See the API documentation for uncertainty functions for information on their usage.

Two population example

Here, we will create some fake data for a two-population split-migration model, and then re-infer the input parameters to the model used to create that data. This example uses the optimize_log_fmin optimization function.
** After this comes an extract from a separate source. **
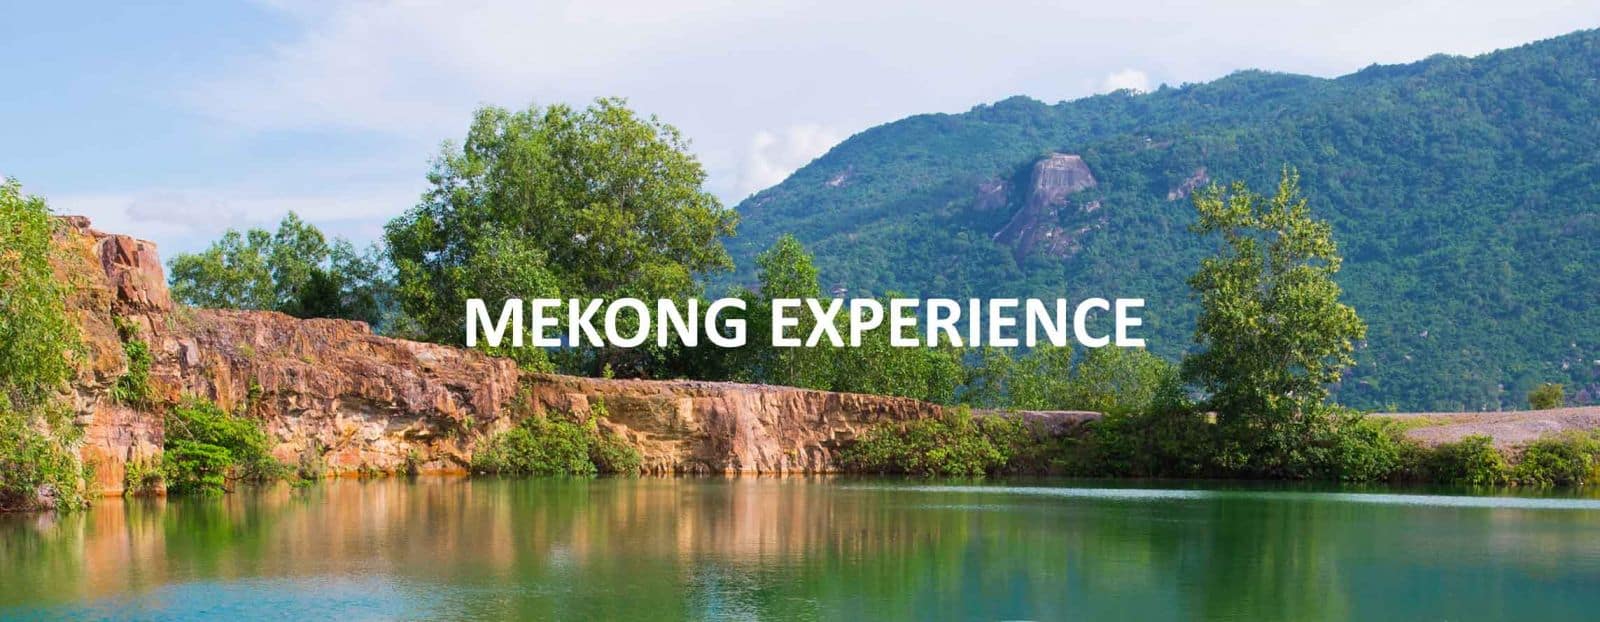 Mekong Experience Travel | Can Tho Tours, Mekong Eco Tours, Mekong Delta Tours

We’ll also use the FIM_uncert function to compute uncertainties (reported as standard errors).

input_theta = 10000
params = [2.0, 3.0, 0.2, 2.0]
model_func = moments.Demographics2D.split_mig
model = model_func(params, [20, 20])
model = input_theta * model
data = model.sample()

p_guess = [2, 2, .1, 4]
lower_bound = [1e-3, 1e-3, 1e-3, 1e-3]
upper_bound = [10, 10, 1, 10]

p_guess = moments.Misc.perturb_params(
    p_guess, lower_bound=lower_bound, upper_bound=upper_bound)
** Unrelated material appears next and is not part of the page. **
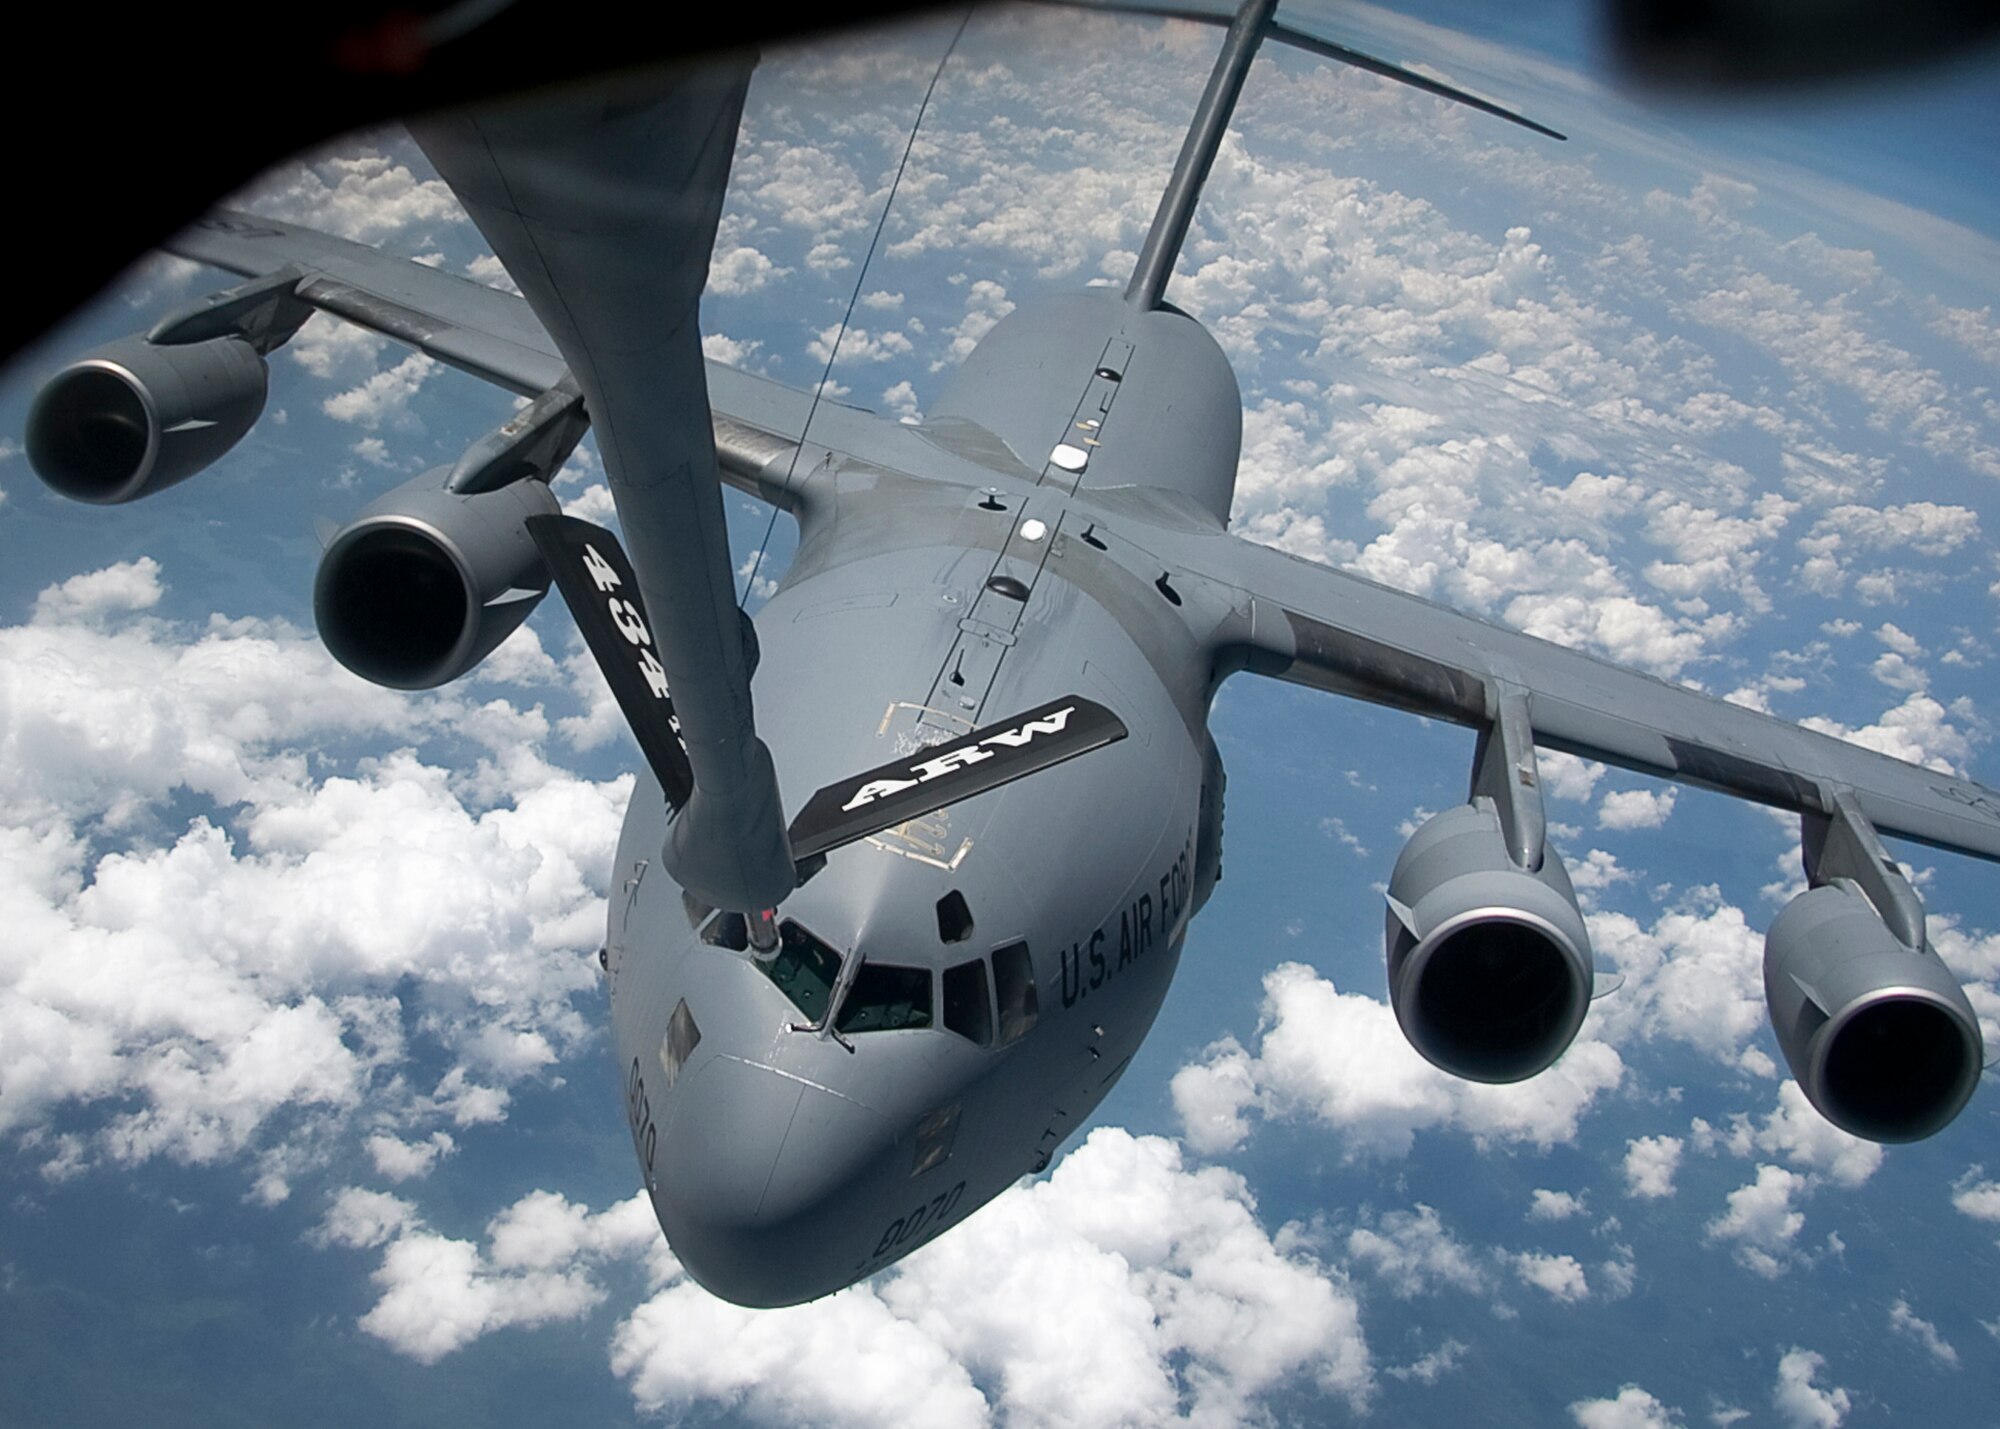 GRISSOM AIR RESERVE BASE, Ind. -- A C-17 Globemaster III from the 437th Airlift Wing flies behind a KC-135R Stratotanker from the 434th Air Refueling Wing during an aerial refueling mission Aug. 4. The 437th AW is based out of Joint Base Charleston, S.C. The C-17 Globemaster III is the newest, most flexible cargo aircraft to enter the airlift force. The KC-135 Stratotanker provides the core aerial refueling capability for the United States Air Force and has excelled in this role for more than 50 years. The C-17 is capable of rapid strategic delivery of troops and all types of cargo to main operating bases or directly to forward bases in the deployment area. (U.S. Air Force photo/Tech. Sgt. Mark R. W. Orders-Woempner)

opt_params = moments.Inference.optimize_log_fmin(
    p_guess, data, model_func,
    lower_bound=lower_bound, upper_bound=upper_bound,
    verbose=20) # report every 20 iterations

refit_theta = moments.Inference.optimal_sfs_scaling(
    model_func(opt_params, data.sample_sizes), data)

uncerts = moments.Godambe.FIM_uncert(
    model_func, opt_params, data)

print_params = params + [input_theta]
print_opt = np.concatenate((opt_params, [refit_theta]))

print("Params\tnu1\tnu2\tT_div\tm_sym\ttheta")
print(f"Input\t" + "\t".join([str(p) for p in print_params]))
print(f"Refit\t" + "\t".join([f"{p:.4}" for p in print_opt]))
print(f"Std-err\t" + "\t".join([f"{u:.3}" for u in uncerts]))

moments.Plotting.plot_2d_comp_multinom(
    model_func(opt_params, data.sample_sizes), data)
160     , -4496.58    , array([ 1.07061    ,  3.09607    ,  0.0474554  ,  2.72054    ])
180     , -2064.93    , array([ 1.08418    ,  3.63139    ,  0.262981   ,  2.79816    ])
200     , -1844.23    , array([ 1.08127    ,  3.22994    ,  0.174414   ,  3.0316     ])
220     , -1791.99    , array([ 1.08729    ,  2.91669    ,  0.223675   ,  3.17035    ])
240     , -1732.17    , array([ 1.10096    ,  2.49147    ,  0.214816   ,  3.52172    ])
260     , -1717.46    , array([ 1.118      ,  2.57591    ,  0.209467   ,  3.7423     ])
280     , -1703.98    , array([ 1.1275     ,  2.729      ,  0.211592   ,  3.68146    ])
300     , -1610.15    , array([ 1.23532    ,  3.07726    ,  0.194797   ,  3.4675     ])
320     , -1255.16    , array([ 1.82937    ,  2.40697    ,  0.219367   ,  2.43634    ])
340     , -1202.25    , array([ 2.07385    ,  2.96302    ,  0.193157   ,  1.94507    ])
360     , -1197.4     , array([ 2.00014    ,  2.96403    ,  0.202941   ,  1.96565    ])
380     , -1197.02    , array([ 2.01415    ,  2.98517    ,  0.198877   ,  1.90947    ])
400     , -1197       , array([ 2.01604    ,  2.99932    ,  0.198674   ,  1.90854    ])
420     , -1196.98    , array([ 2.01478    ,  2.99106    ,  0.19888    ,  1.91758    ])
440     , -1196.98    , array([ 2.01388    ,  2.98983    ,  0.199047   ,  1.92011    ])
Params	nu1	nu2	T_div	m_sym	theta
Input	2.0	3.0	0.2	2.0	10000
Refit	2.014	2.99	0.199	1.92	9.973e+03
Std-err	0.0397	0.066	0.00436	0.0708	69.5
../_images/inference_10_16.png

Above, we can see that we recovered the parameters used to simulate the data very closely, and we used moments’s plotting features to visually compare the data to the model fit.

References

[Sawyer1992]

Sawyer, Stanley A., and Daniel L. Hartl. “Population genetics of polymorphism and divergence.” Genetics 132.4 (1992): 1161-1176.

[Coffman2016]

Coffman, Alec J., et al. “Computationally efficient composite likelihood statistics for demographic inference.” Molecular biology and evolution 33.2 (2016): 591-593.